Amadú Bailo Djaló é, até à data, o único antigo combatente africano das Forças Armadas Portuguesas (FAP) que publicou um livro sobre a sua experiência na Guerra Colonial portuguesa. Amadú tinha 70 anos quando o seu livro Guineense, Comando Português (1964-1974) foi publicado pela Associação de Comandos, em 2010. Este livro foi escrito a partir de um dos seus diários. Tinha, pelo menos, mais dois que desejava poder publicar um dia.

Amadú Djaló nasceu no dia 10 de novembro de 1940, em Bafatá, na Guiné ainda sob o domínio português. Frequentou a escola do Alcorão durante 3 anos, e uma escola católica localizada em frente à sua casa durante 2 anos.
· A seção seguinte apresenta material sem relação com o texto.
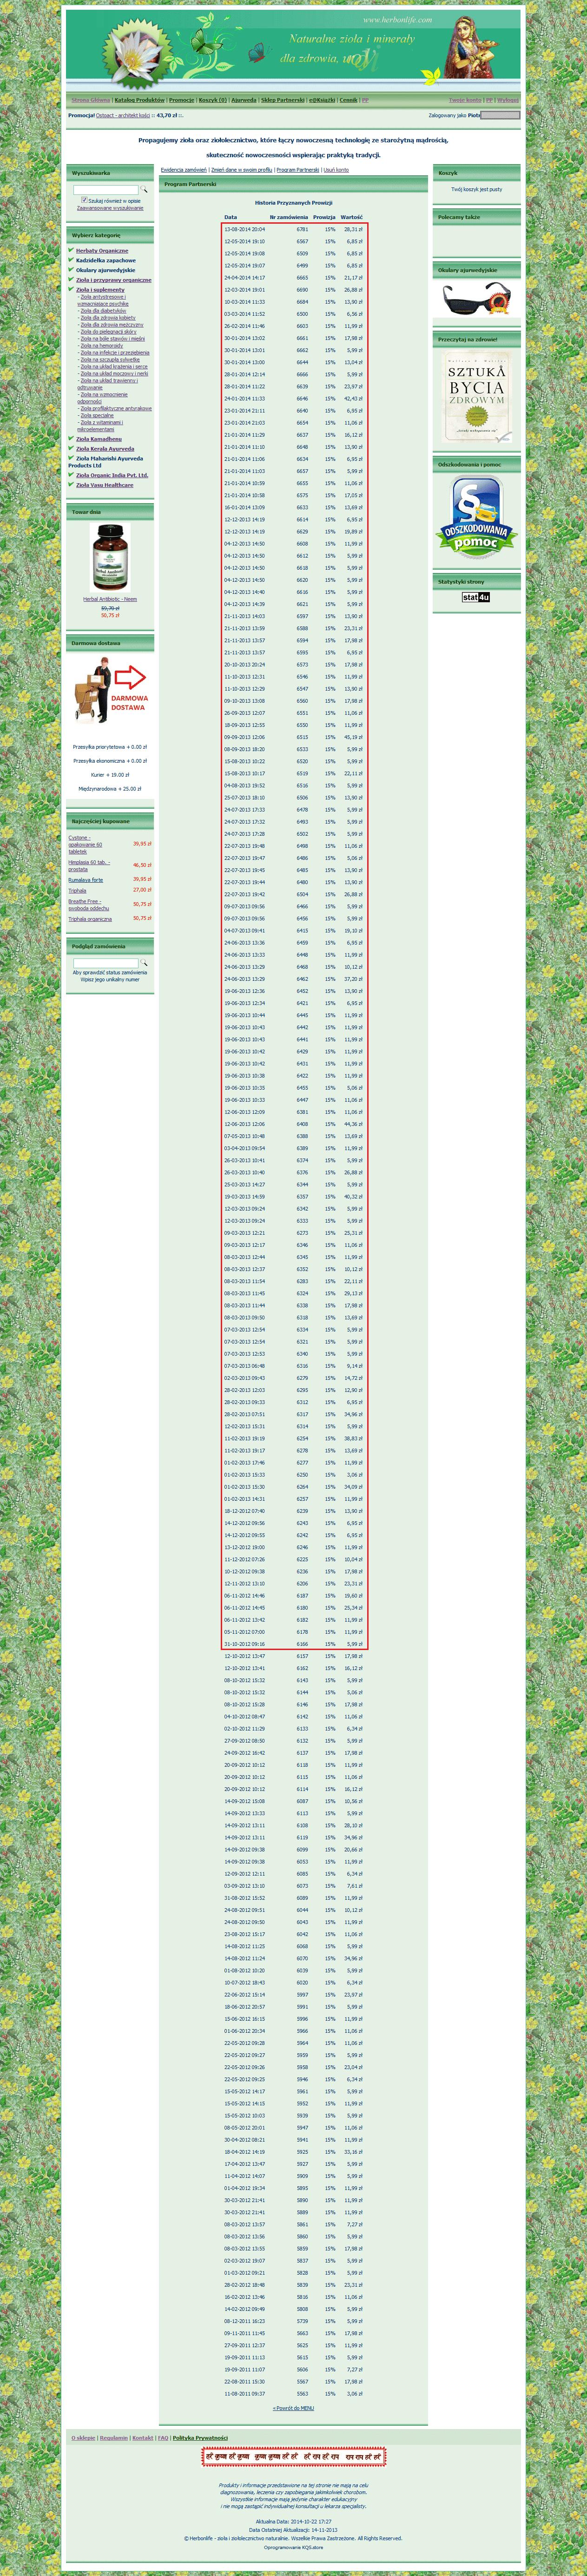 HerbonLife.com Prowizje
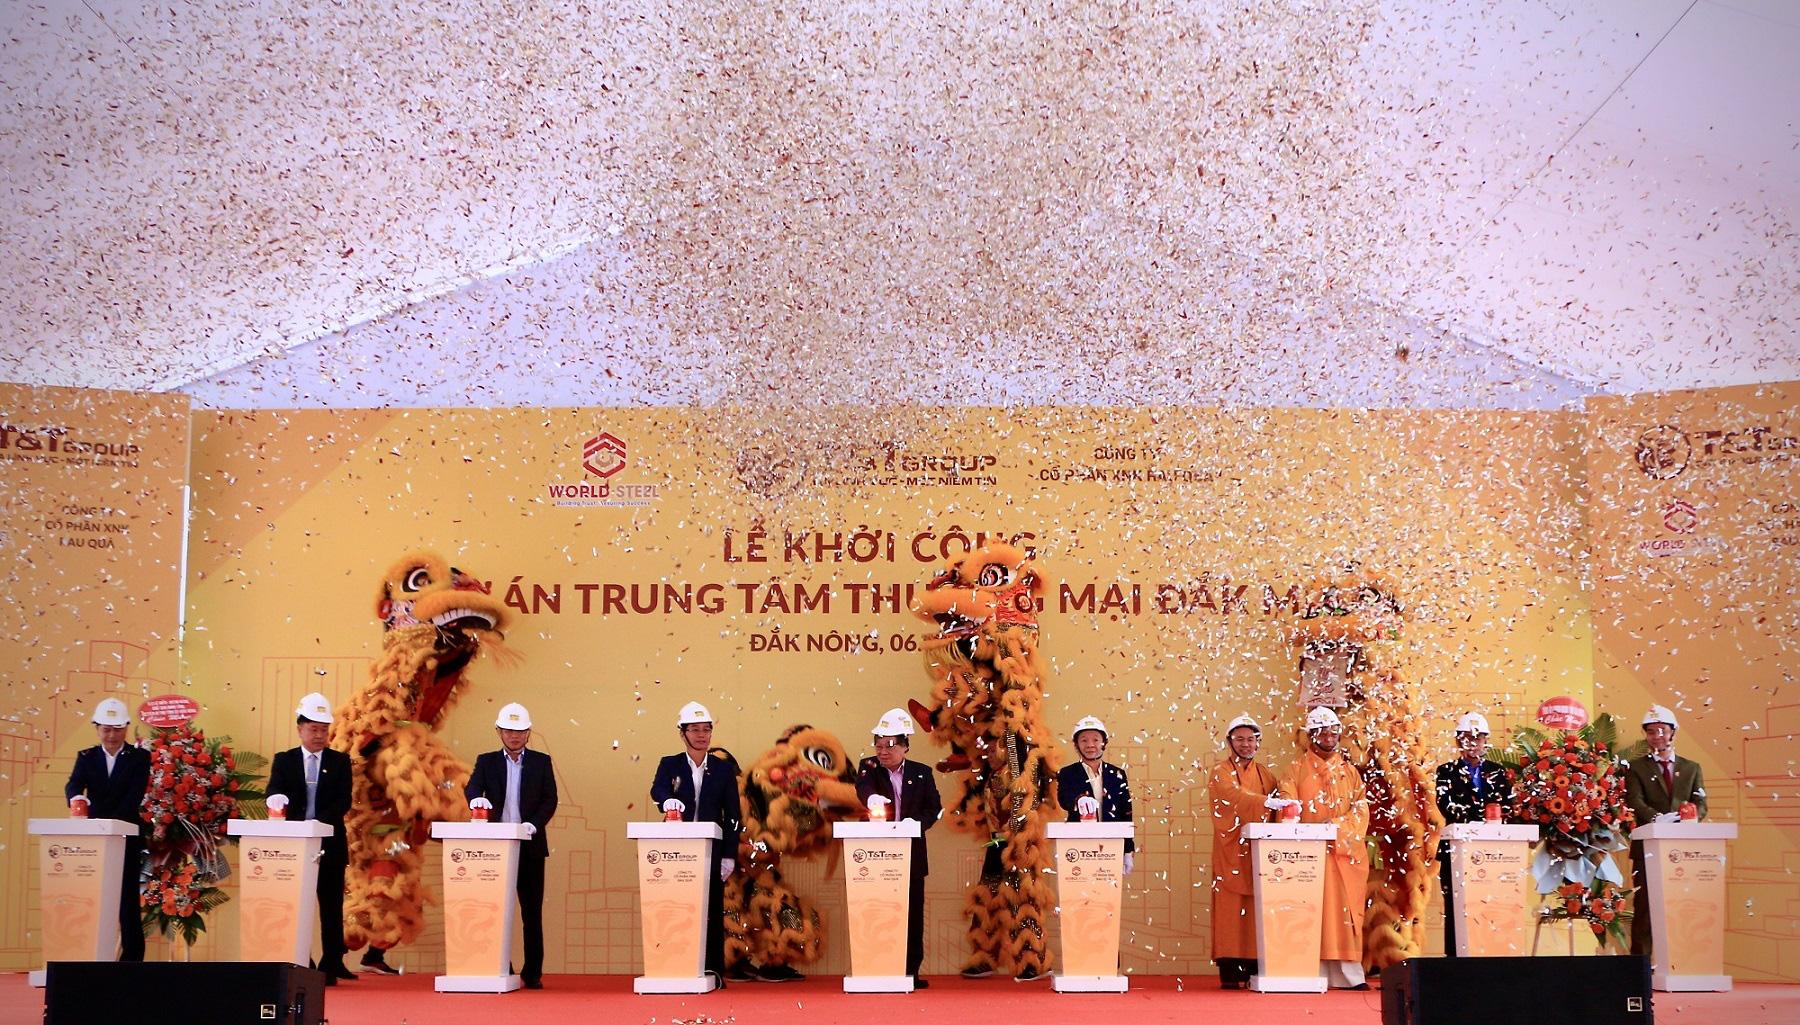 T&T Group khởi công xây dựng Trung tâm thương mại hiện đại tại Đắk Nông - Ảnh 1.

Com pouco mais de 18 anos pensou em alistar-se na tropa portuguesa para poder tirar a carta de condução, mas foi adiando essa decisão porque precisava de continuar a trabalhar para sustentar a sua família. Em 1962, foi chamado para cumprir o serviço militar português que cumpriu em Bolama, na especialidade condutor. Assim começou o seu percurso na vida militar. Foi incorporado a 9 de janeiro de 1962, ingressou nos Comandos em 1964 e foi desmobilizado a 1 de janeiro de 1975. Participou em inúmeras operações, foi gravemente ferido em combate por duas vezes e foi agraciado com a Medalha da Cruz de Guerra e com a Medalha de Dedicação e Mérito. Na aba do seu livro pode ler-se que, no dia 25 de Abril de 1974, Amadú Djaló “teve conhecimento pelo rádio de um milícia que tinha havido um golpe militar em Lisboa. Depois, aquela guerra acabou e começou outra, a luta pela sobrevivência na Guiné-Bissau. Preso mais que uma vez, foi escapando sempre até que, em 1986, veio para Lisboa”.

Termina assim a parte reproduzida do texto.